氮杂环化合物的多相催化加氢反应及其可逆脱氢反应的最新进展

doi:10.1016/S1872-2067(19)63336-X

摘要/Abstract

摘要：

功能化1，2，3，4-四氢喹啉类化合物在医药、生物碱、农药和许多精细化学品的生产中作为具有生物活性的构筑单元和关键中间体，其合成越来越受到人们的关注.通过喹啉化合物的选择性加氢得到py-THQs具有高的原子效率，是一种直接和有效的方法.喹啉化合物的选择性加氢常面临以下问题和挑战：（1）喹啉类化合物的加氢反应具有较高的反应能垒，使得反应需要在苛刻的反应条件下进行；（2）加氢反应过程通常涉及多个中间体，可能会产生副产物；（3）取代喹啉类化合物如乙烯基、酮基、腈基、醛基、氨基、卤素等易还原取代基也可能发生氢化反应，导致选择性下降；（4）由于N-杂环中金属与N原子的强配位效应，催化活性位点易中毒，导致催化剂的可重用性较差.新型、高性能非均相催化剂的开发得到了不断关注，近期取得了一系列进展.
氮杂环化合物的催化脱氢也是有机合成的关键步骤，所得到的不饱和氮杂环化合物是各种生物活性化合物和药物的重要合成中间体.同时，从氢气存储的角度出发，有机分子的可逆加氢/脱氢被认为是液体有机储氢系统中一个很有前途的策略.氮杂环化合物的脱氢（释放氢气）和加氢（储存氢气）相结合，构建了一个有效的液态有机氢存储体系.研制一种能够实现氮杂环化合物可逆脱氢/加氢的催化剂越来越受到人们的关注.
近几十年来，功能化喹啉化合物选择性加氢高效多相催化剂的可控合成取得了重大突破，使人们能够从整体上关联结构-性能关系.本文综述了近年来该领域在催化剂合成策略、微观结构和化学特性、催化性能评价及其内在关系等方面取得的重要进展.本文首先介绍了单贵金属催化剂（Pd，Pt，Ru，Rh，Ir，Au）和双/多金属催化剂（RuCu，AuPd，PdNi）的研究现状，然后对储量丰富的廉价金属催化剂（Co，Fe，Ni，Cu）进行了综述.综合文献结论，反应介质、载体的性质、金属-载体相互作用、活性金属的电子结构、双金属或多金属协同效应、微观结构（核壳、包覆、蛋黄结构）以及纳米粒子的粒径大小对催化剂的最终催化行为起着重要作用.最后，引入氮杂环化合物的脱氢反应，形成一个可逆的加氢/脱氢体系用于液相有机氢储存系统，并对其反应机理及今后的研究方向进行了探讨.本综述将加深我们对氮杂环化合物催化转化的认识，为研究人员合理设计催化剂提供指导.

关键词: 氮杂环化合物, 选择性加氢, 脱氢反应, 多相催化剂, 构-效关系

Abstract:

The selective hydrogenation of quinolines to 1,2,3,4-tetrahydroquinolines (py-THQ) and its derivatives has attracted a considerable amount of attention as they show great versatility in many pharmaceuticals, agrochemicals, and fine chemicals.
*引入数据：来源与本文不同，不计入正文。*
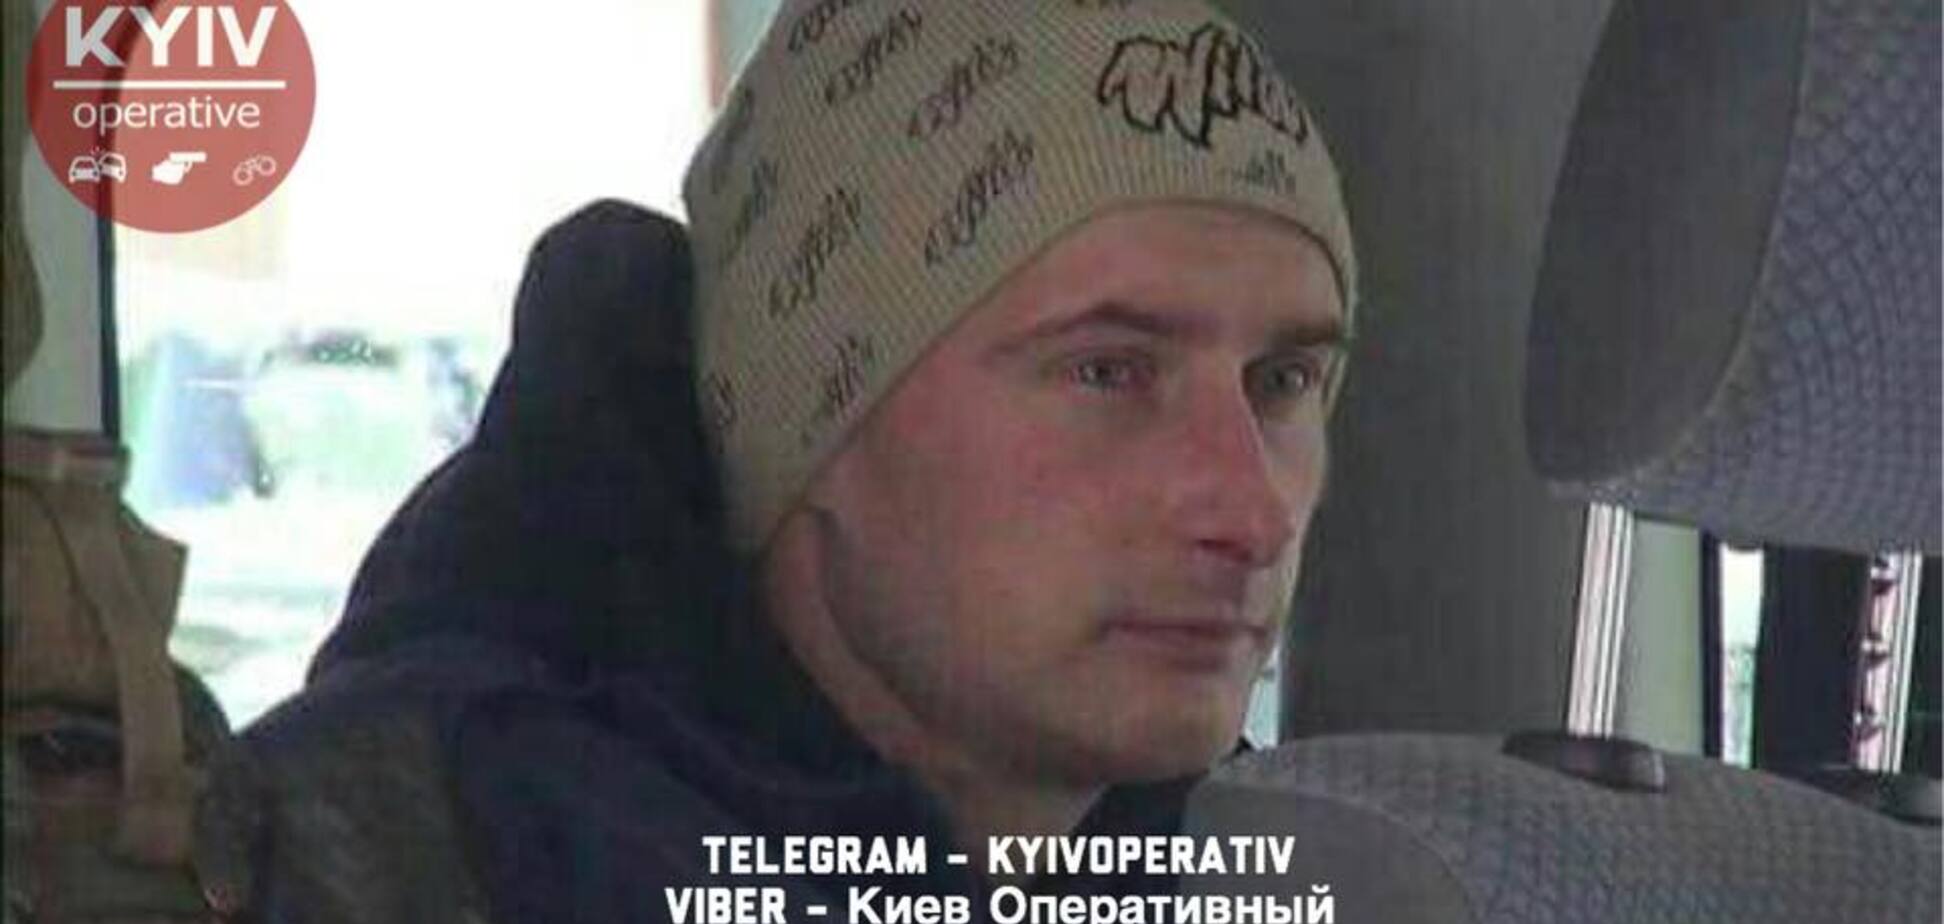 Потрібна допомога: в Києві зник ветеран АТО. Опубліковано фото

Over the past few decades, great breakthroughs have been achieved in the controlled synthesis of efficient heterogeneous catalysts used for the selective hydrogenation of functionalized quinoline compounds, which allow one to correlate the structure-property relationships. In this review, we will summarize the recent significant progress achieved in this field covering the synthetic strategies, microstructural and chemical features, catalytic performance, and internal relationships. State-of-the-art noble metal-based single (Pd, Pt, Ru, Rh, Ir and Au) and bi/multi-metallic catalysts (RuCu, AuPd, and PdNi) are first introduced, followed by a summary of earth-abundant metal-based catalysts (Co, Fe, Ni, and Cu). Finally, the dehydrogenation of N-heterocycles is introduced to form a reversible hydrogenation/dehydrogenation system for H₂ storage, which can be employed in a liquid organic hydrogen system. Furthermore, the reaction mechanism and future research direction in these areas are also discussed. This review will deepen our understanding of the catalytic transformation of N-heterocycles and provide guidance for researchers on the rational design of catalysts.

Key words: N-heterocycles, Selective hydrogenation, Dehydrogenation, Heterogeneous catalysts, Structure-activity relationship

魏中哲, 邵方君, 王建国. 氮杂环化合物的多相催化加氢反应及其可逆脱氢反应的最新进展[J]. 催化学报, 2019, 40(7): 980-1002.

Zhongzhe Wei, Fangjun Shao, Jianguo Wang. Recent advances in heterogeneous catalytic hydrogenation and dehydrogenation of N-heterocycles[J]. Chinese Journal of Catalysis, 2019, 40(7): 980-1002.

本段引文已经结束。